6 files changed, 98 insertions, 20 deletions

diff --git a/capture_info.c b/capture_info.c
index 3989d00faa..548e8a68f0 100644
--- a/capture_info.c
+++ b/capture_info.c
@@ -290,6 +290,9 @@ capture_info_packet(packet_counts *counts, gint wtap_linktype, const guchar *pd,
     case WTAP_ENCAP_NULL:
         capture_null(pd, caplen, counts);
         break;
+    case WTAP_ENCAP_LOOP:
+        capture_loop(pd, caplen, counts);
+        break;
     case WTAP_ENCAP_PPP:
         capture_ppp_hdlc(pd, 0, caplen, counts);
         break;
diff --git a/epan/dissectors/packet-null.c b/epan/dissectors/packet-null.c
index 116bd4ae71..bad3d046b5 100644
--- a/epan/dissectors/packet-null.c
+++ b/epan/dissectors/packet-null.c
@@ -24,6 +24,7 @@
 
 #include "config.h"
 
+#include <wsutil/pint.h>
 
 #include <epan/packet.h>
 #include "packet-null.h"
@@ -63,6 +64,7 @@ static const value_string family_vals[] = {
 
 static dissector_handle_t ppp_hdlc_handle;
 static dissector_handle_t data_handle;
+
 void
 capture_null( const guchar *pd, int len, packet_counts *ld )
 {
@@ -72,9 +74,7 @@ capture_null( const guchar *pd, int len, packet_counts *ld )
    * BSD drivers that use DLT_NULL - including the FreeBSD 3.2 ISDN-for-BSD
    * drivers, as well as the 4.4-Lite and FreeBSD loopback drivers -
    * stuff the AF_ value for the protocol, in *host* byte order, in the
-   * first four bytes.  (BSD drivers that use DLT_LOOP, such as recent
-   * OpenBSD loopback drivers, stuff it in *network* byte order in the
-   * first four bytes.)
+   * first four bytes.
    *
    * However, the IRIX and UNICOS/mp snoop socket mechanism supplies,
    * on loopback devices, a 4-byte header that has a 2 byte (big-endian)

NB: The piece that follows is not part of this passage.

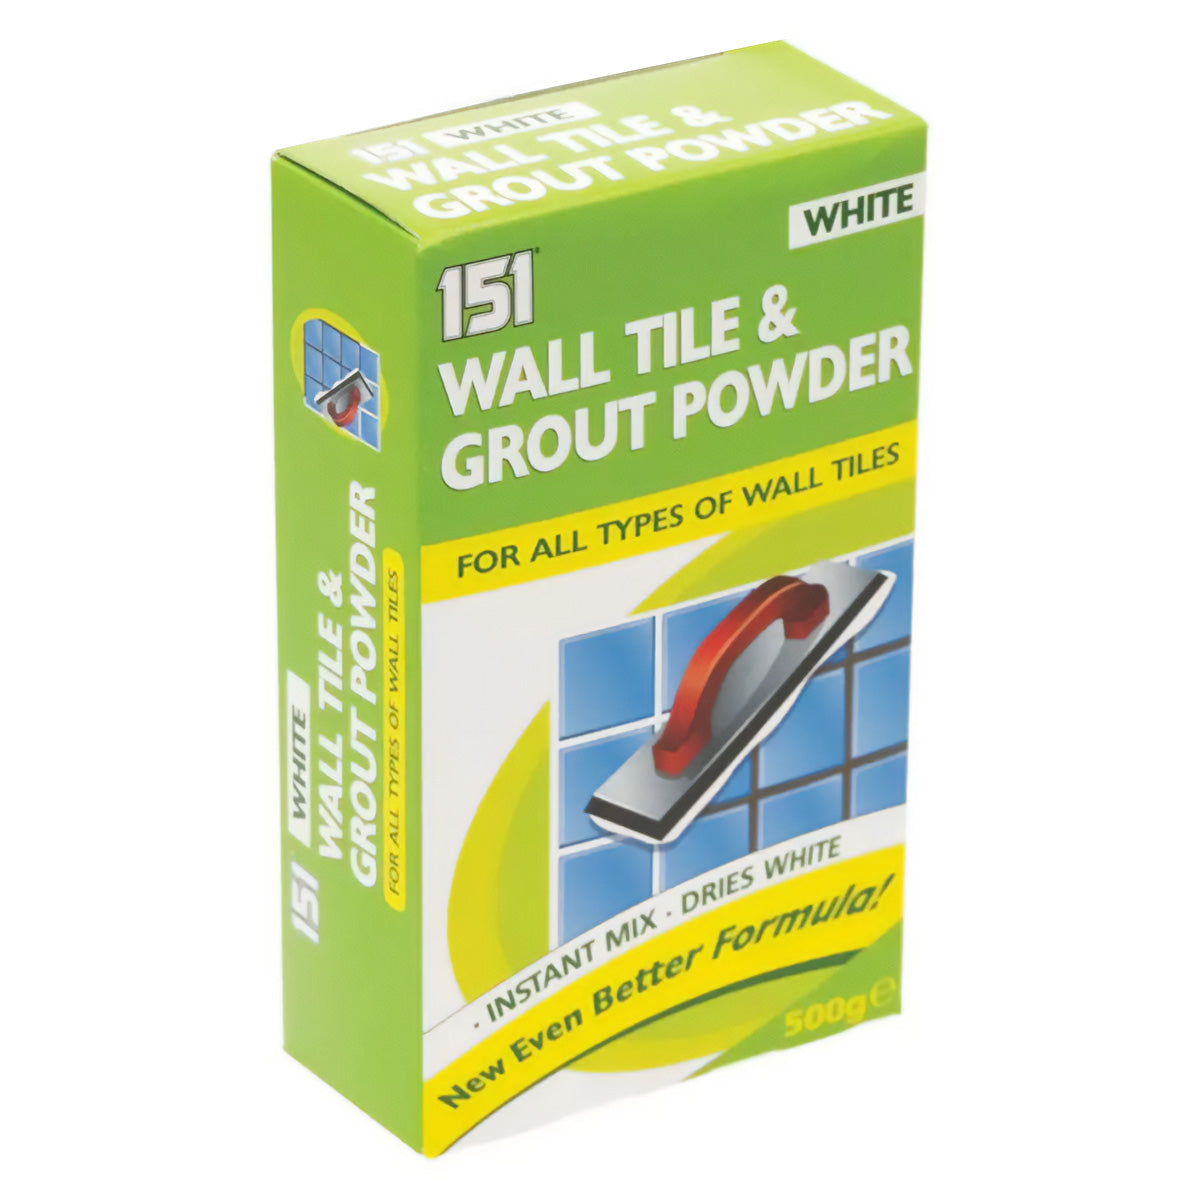 151 - Wall Tile & Grout Powder - 500g - Continental Food Store
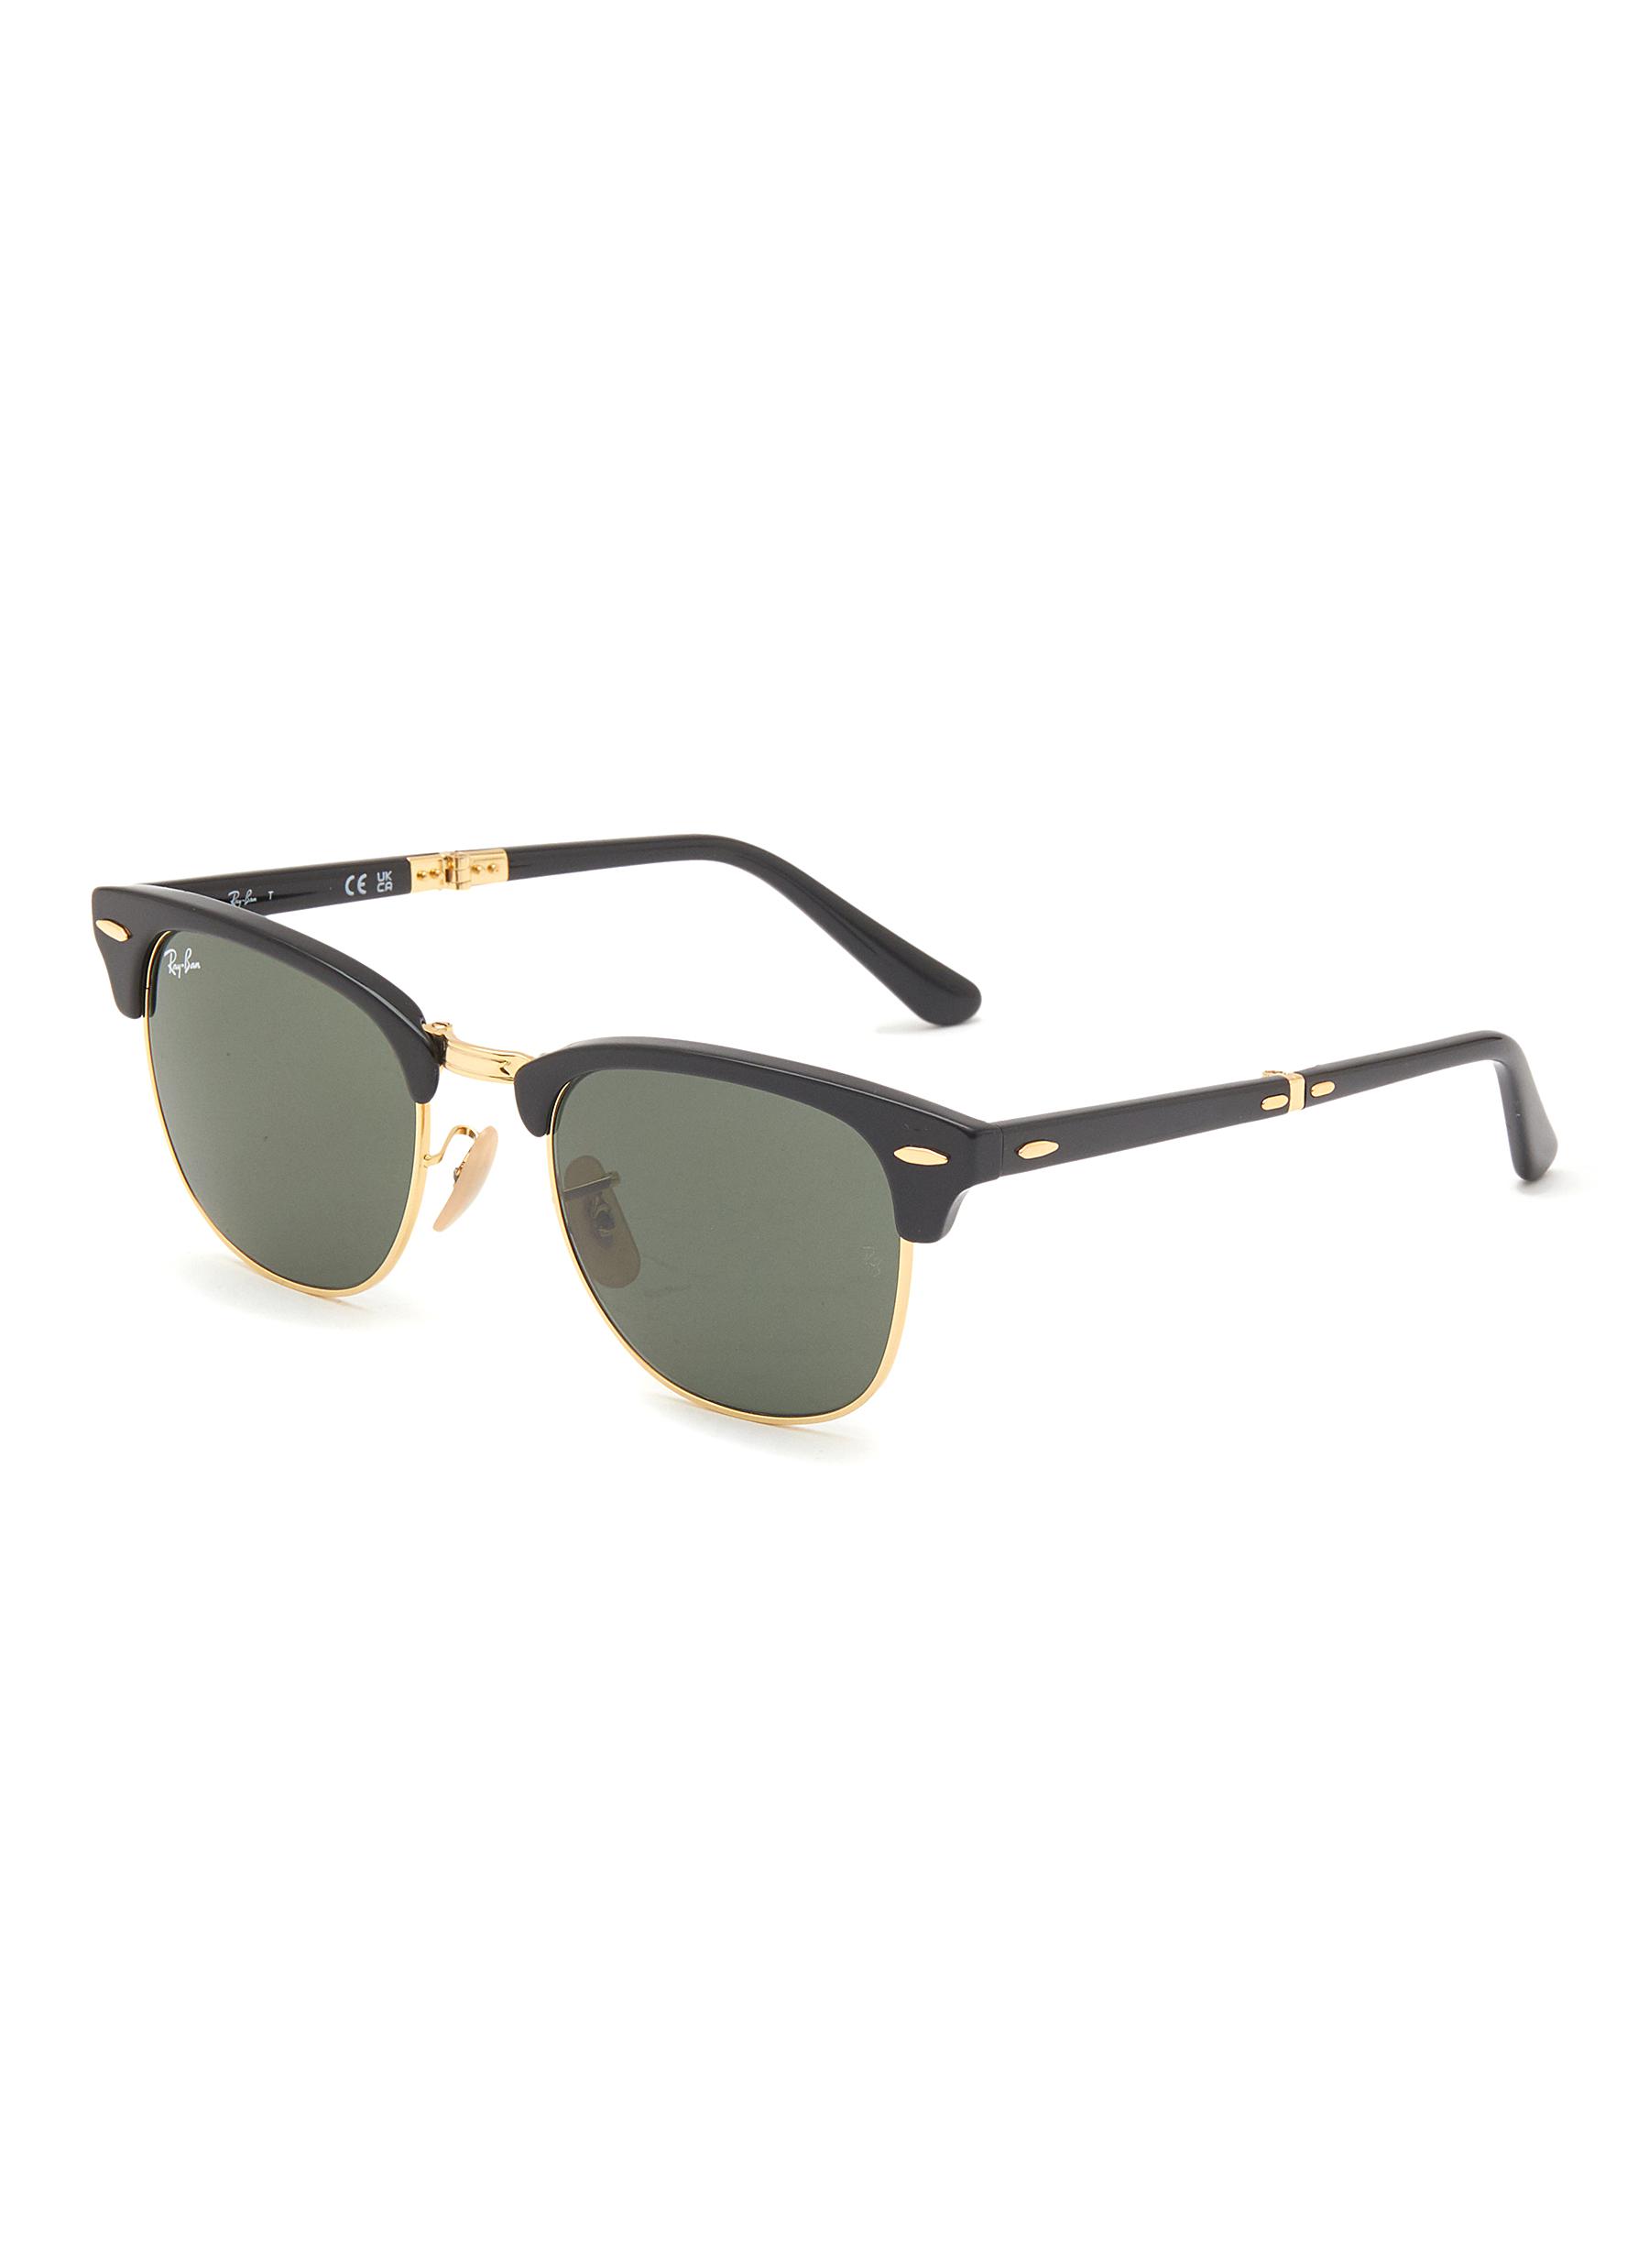 RAY-BAN ‘Clubmaster' Foldable Green Lens Metal Sunglasses

@@ -191,8 +191,8 @@ capture_null( const guchar *pd, int len, packet_counts *ld )
    *
    * Otherwise, if the upper 16 bits are non-zero, either:
    *
-   *    it's a BSD DLT_NULL or DLT_LOOP header whose AF_ value
-   *    is not in our byte order;
+   *    it's a BSD DLT_NULL header whose AF_ value is not in our
+   *    byte order;
    *
    *    it's an IRIX or UNICOS/mp DLT_NULL header being read on
    *    a big-endian machine;
@@ -206,10 +206,10 @@ capture_null( const guchar *pd, int len, packet_counts *ld )
    * of the IRIX or UNICOS/mp DLT_NULL header, we should just get
    * the upper 16 bits as an AF_ value.
    *
-   * If it's a BSD DLT_NULL or DLT_LOOP header whose AF_ value is not
-   * in our byte order, then the upper 2 hex digits would be non-zero
-   * and the next 2 hex digits down would be zero, as AF_ values fit in
-   * 8 bits, and the upper 2 hex digits are the *lower* 8 bits of the value.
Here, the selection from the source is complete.